Vound Colorado, Ltd. Knowledge Base - Intella Assist: Using LiteLLM as an OpenAI-Compatible Proxy

Disclaimer

This guide is provided for demonstration purposes only. It is not production-ready: no security hardening, no service management, and no monitoring are included. If you plan to use this in production, you must review and implement proper security, performance, and reliability practices yourself.

What is LiteLLM?

LiteLLM is a lightweight proxy that exposes a uniform, OpenAI-compatible API for a wide range of Large Language Models (LLMs).

It allows you to:

Add features missing in some OpenAI APIs compatibility layers (e.g., response_format, retries, caching, logging).
Simplify integrations: change models without changing client code.

In short: LiteLLM is a universal translator between Intella Assist (which speaks “OpenAI API”) and the many different LLM providers available.

Why use LiteLLM with Intella Assist?

Intella Assist is designed around the OpenAI API. While many providers offer partial compatibility, differences often cause issues.

Example:

Anthropic Claude supports an OpenAI-style API but only partially. It does not support response_format, which Intella Assist requires for structured outputs.

👉 Proxying through LiteLLM fixes this — Claude then behaves as if it fully supports the OpenAI API.

Other benefits of LiteLLM:

Centralized logging & monitoring.
Support for rate-limiting, retries, and caching.
Ability to switch providers with a single config change.

Installing LiteLLM on Ubuntu

Update your system
```
sudo apt update
sudo apt upgrade -y
```

Install Python and pip

sudo apt install python3 python3-pip -y

Create a virtual environment (recommended)

python3 -m venv ~/litellm-env
source ~/litellm-env/bin/activate

Install LiteLLM with proxy support
```
pip install "litellm[proxy]"
```
Set provider API keys (example for Anthropic)
```
export ANTHROPIC_API_KEY="YOUR_API_KEY"
```
(Add to ~/.bashrc to make permanent.)
Run LiteLLM with your chosen model
Example: Anthropic Claude 3.7 Sonnet
```
litellm --model anthropic/claude-3-7-sonnet-latest
```
By default, LiteLLM runs at:
```
http://0.0.0.0:4000/v1
```

Configuring Intella Assist

In Intella Connect/Investigator, go to:
Admin Dashboard → Settings → Intella Assist
Enter your LiteLLM endpoint:
```
http://<your-server-ip>:4000/v1
```
Provide an API key (any non-empty string, e.g. test-key).

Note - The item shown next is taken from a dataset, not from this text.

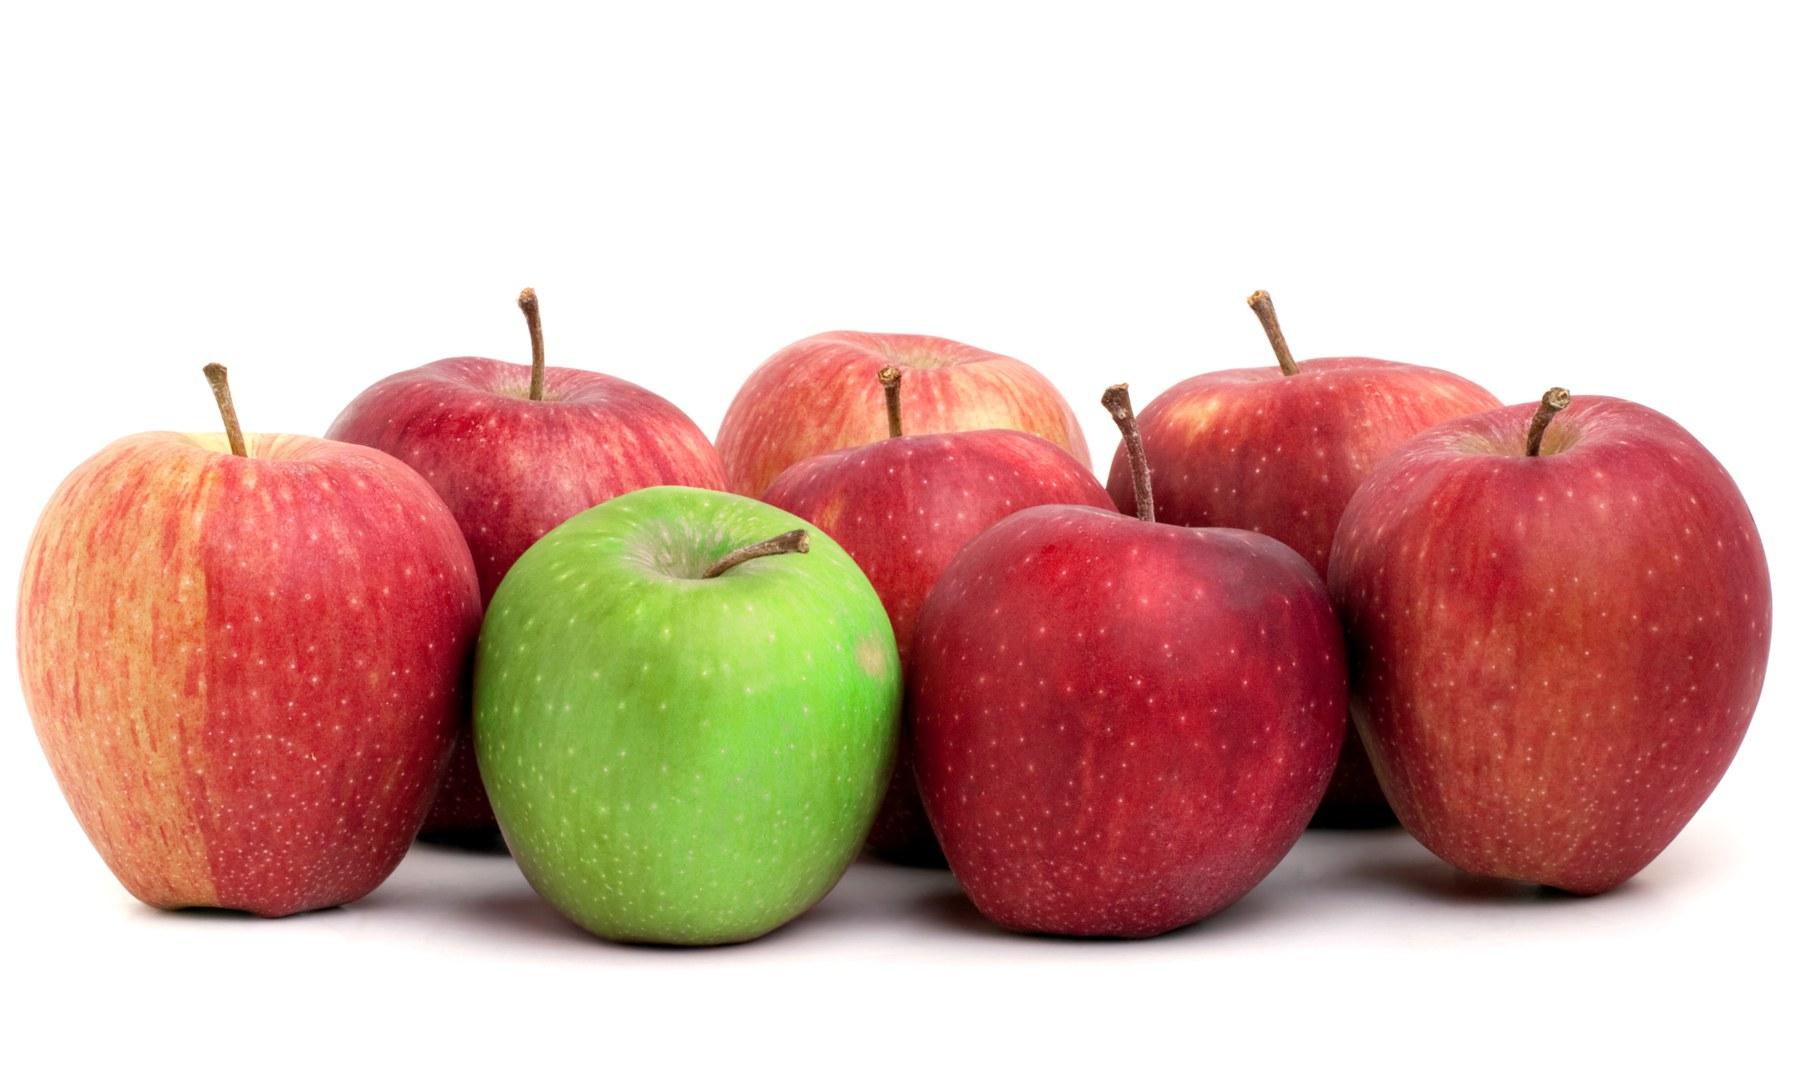 Welchen Apfel soll ich nehmen?
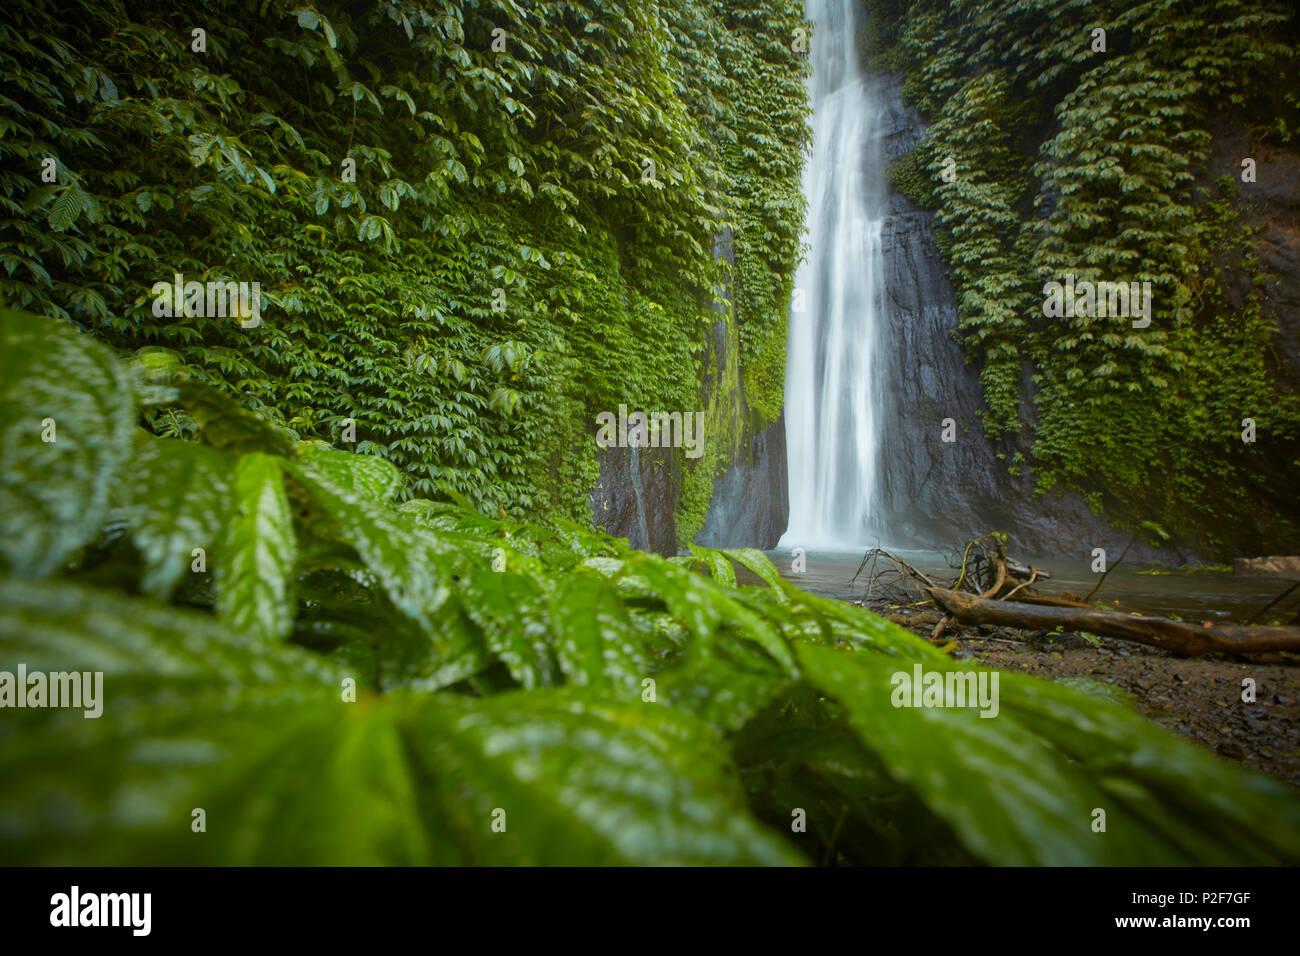 MUNUK Wasserfall, in der Nähe von Gobleg,Bali, Indonesien Stockbild

LiteLLM itself does not enforce API keys, but Intella requires one.
Click Test integration to confirm.

Example Request

You can test LiteLLM directly:

curl http://localhost:4000/v1/chat/completions \
  -H "Content-Type: application/json" \
  -H "Authorization: Bearer dummy-key" \
  -d '{
    "model": "anthropic/claude-3-7-sonnet-latest",
    "messages": [{"role":"user","content":"Hello from Intella Assist!"}],
    "response_format": {"type": "json_object"}
  }'

LiteLLM forwards the request to Claude, applies response_format, and returns structured JSON — exactly what Intella Assist expects.

Summary

LiteLLM is a general-purpose OpenAI-compatible proxy.
In our example, Anthropic Claude works with response_format only when proxied through LiteLLM.

✅ You now have the conceptual overview of LiteLLM and a working Ubuntu example with Claude.